*** DATA EXCERPT ***
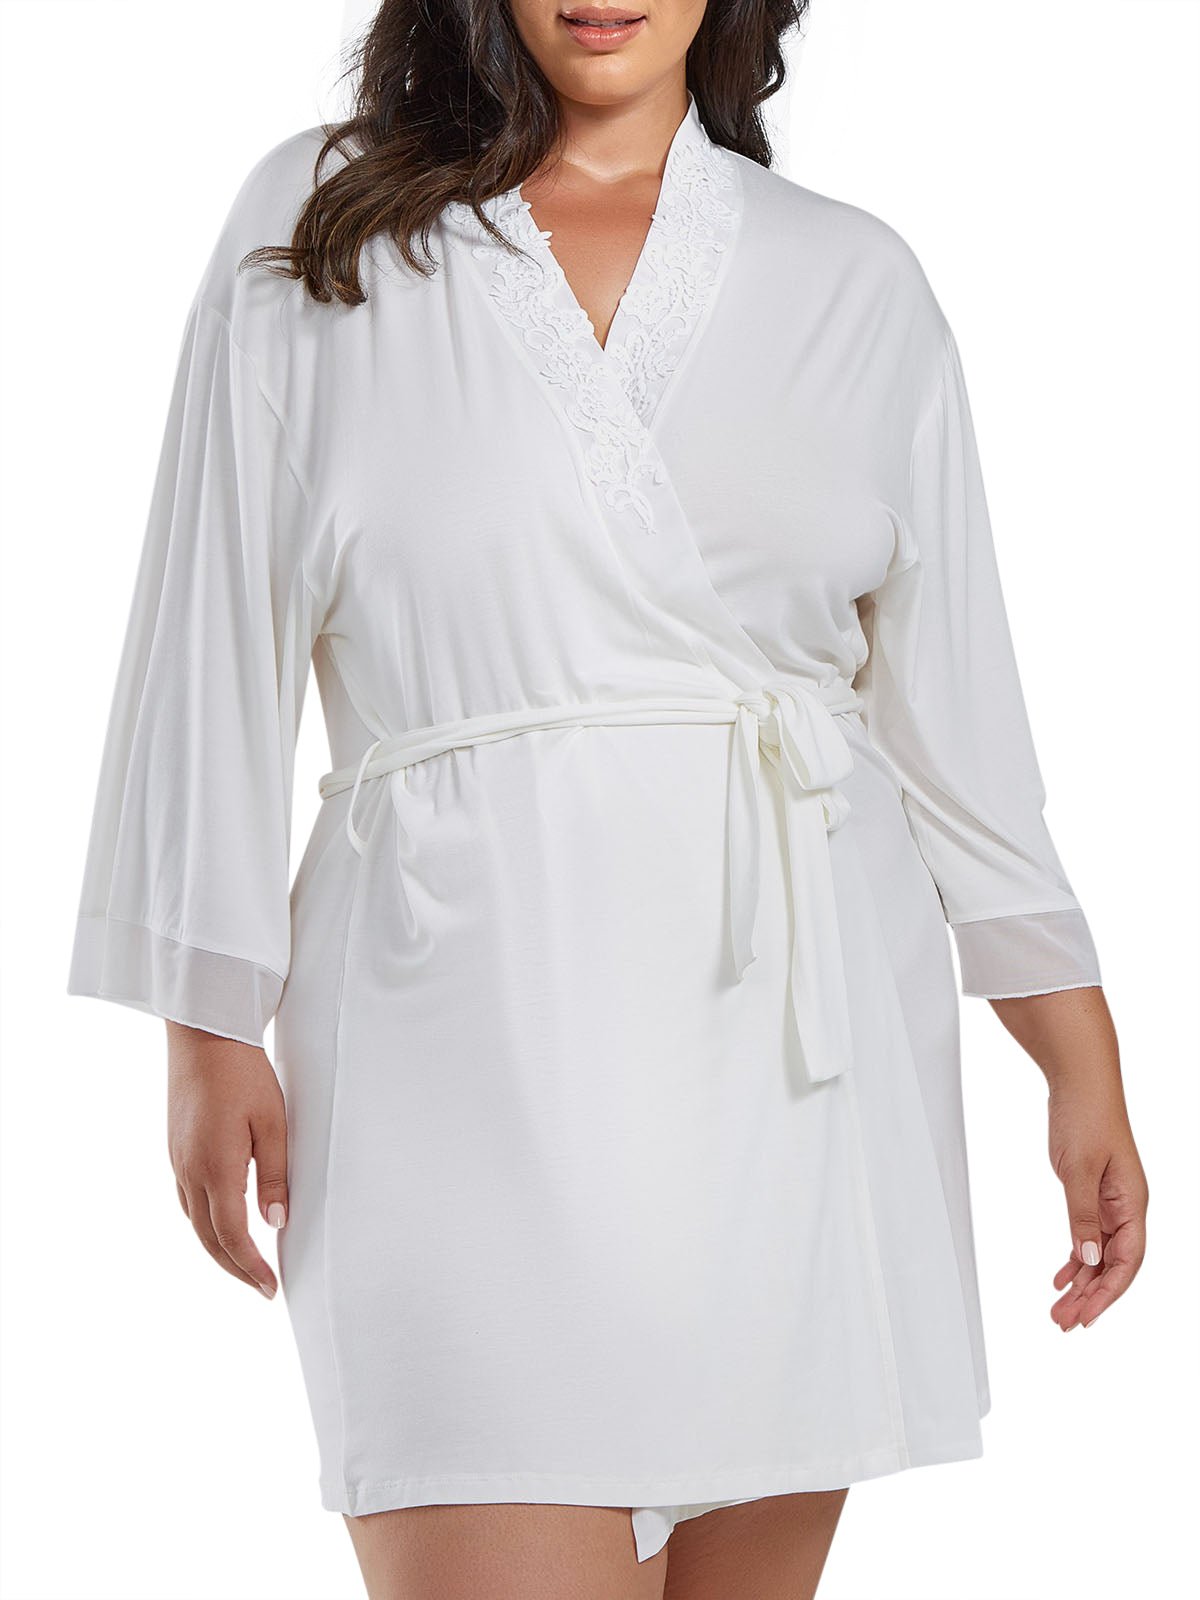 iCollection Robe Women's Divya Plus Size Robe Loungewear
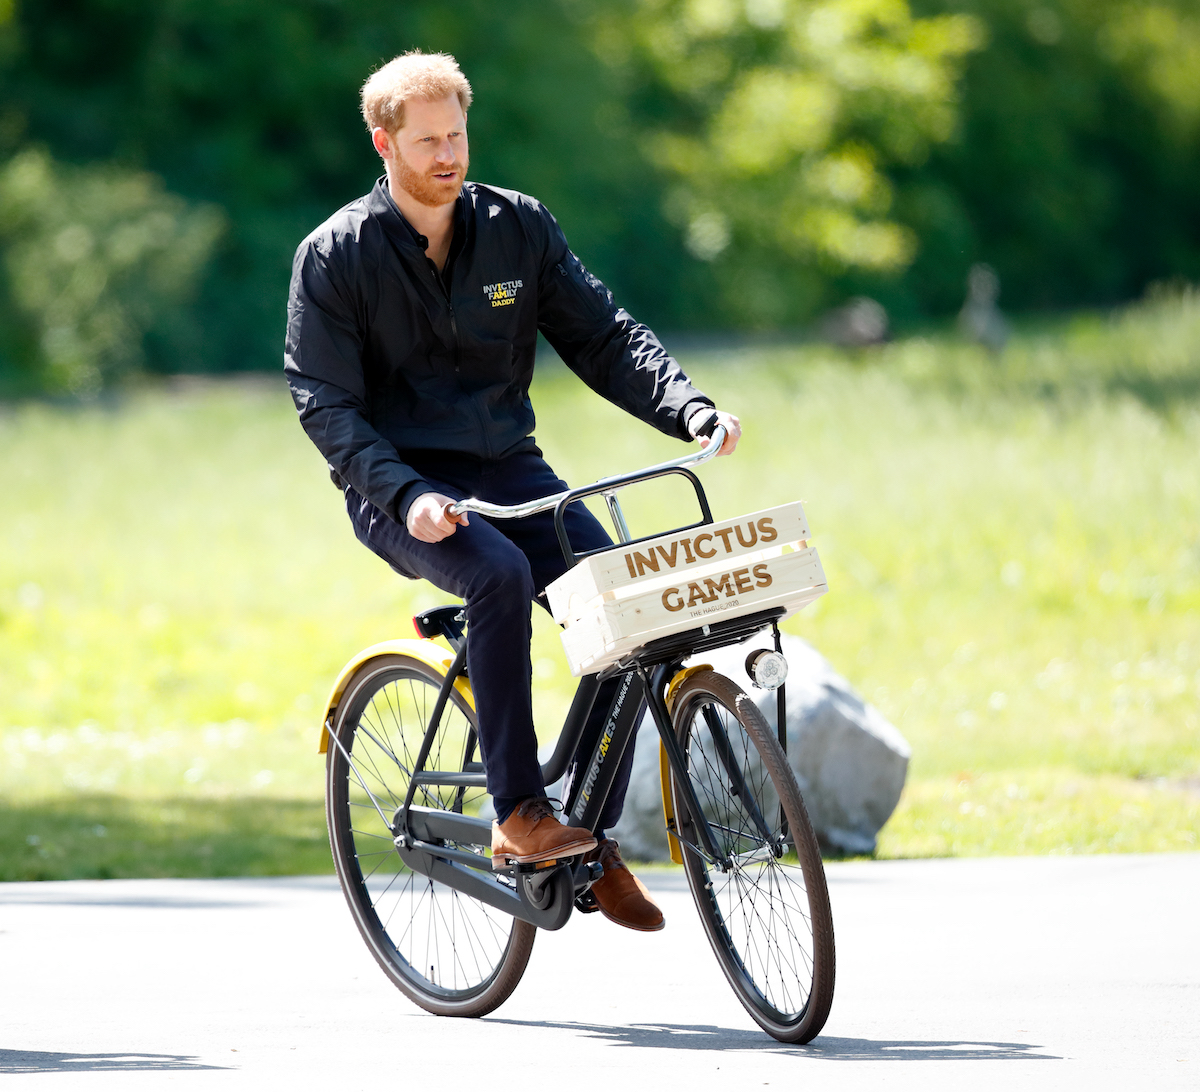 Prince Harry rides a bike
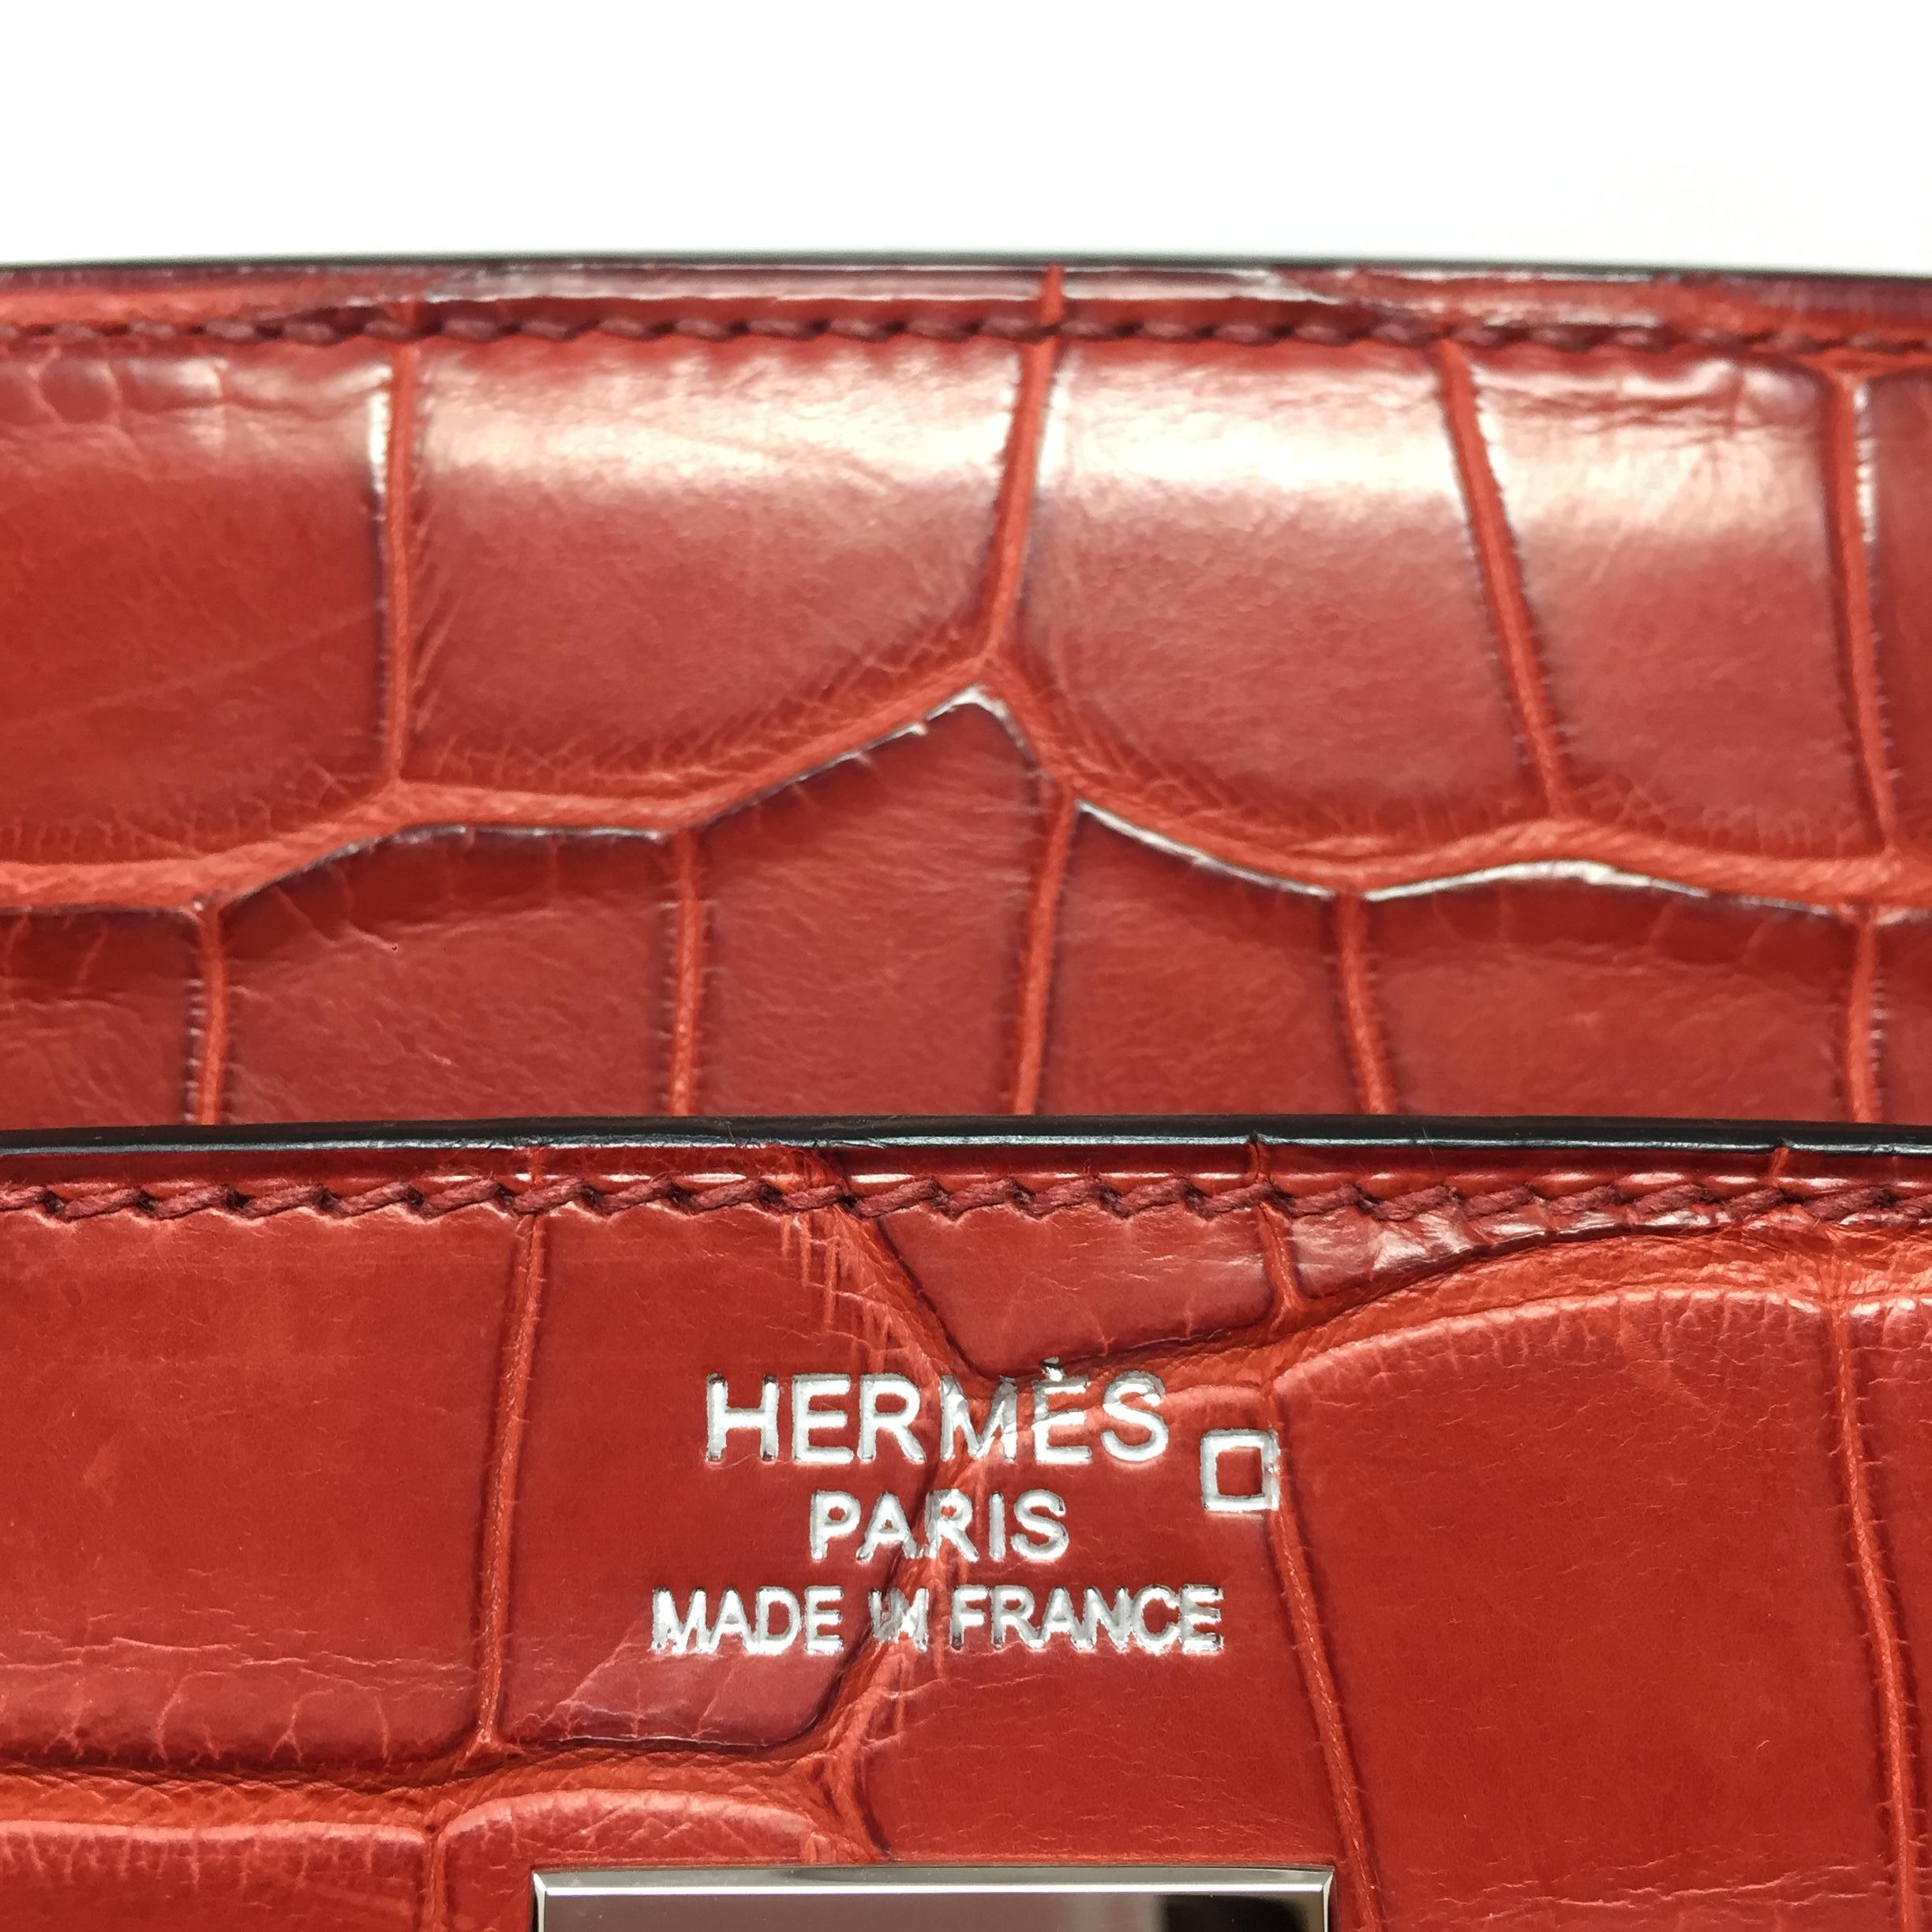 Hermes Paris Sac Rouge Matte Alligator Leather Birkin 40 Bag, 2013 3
***
=== TASK ITEM ===
Restate the listing above word for word. Leave the images out.

=== SOLUTION ===
 iCollection Robe Women's Divya Plus Size Robe Loungewear
 Prince Harry rides a bike
 Hermes Paris Sac Rouge Matte Alligator Leather Birkin 40 Bag, 2013 3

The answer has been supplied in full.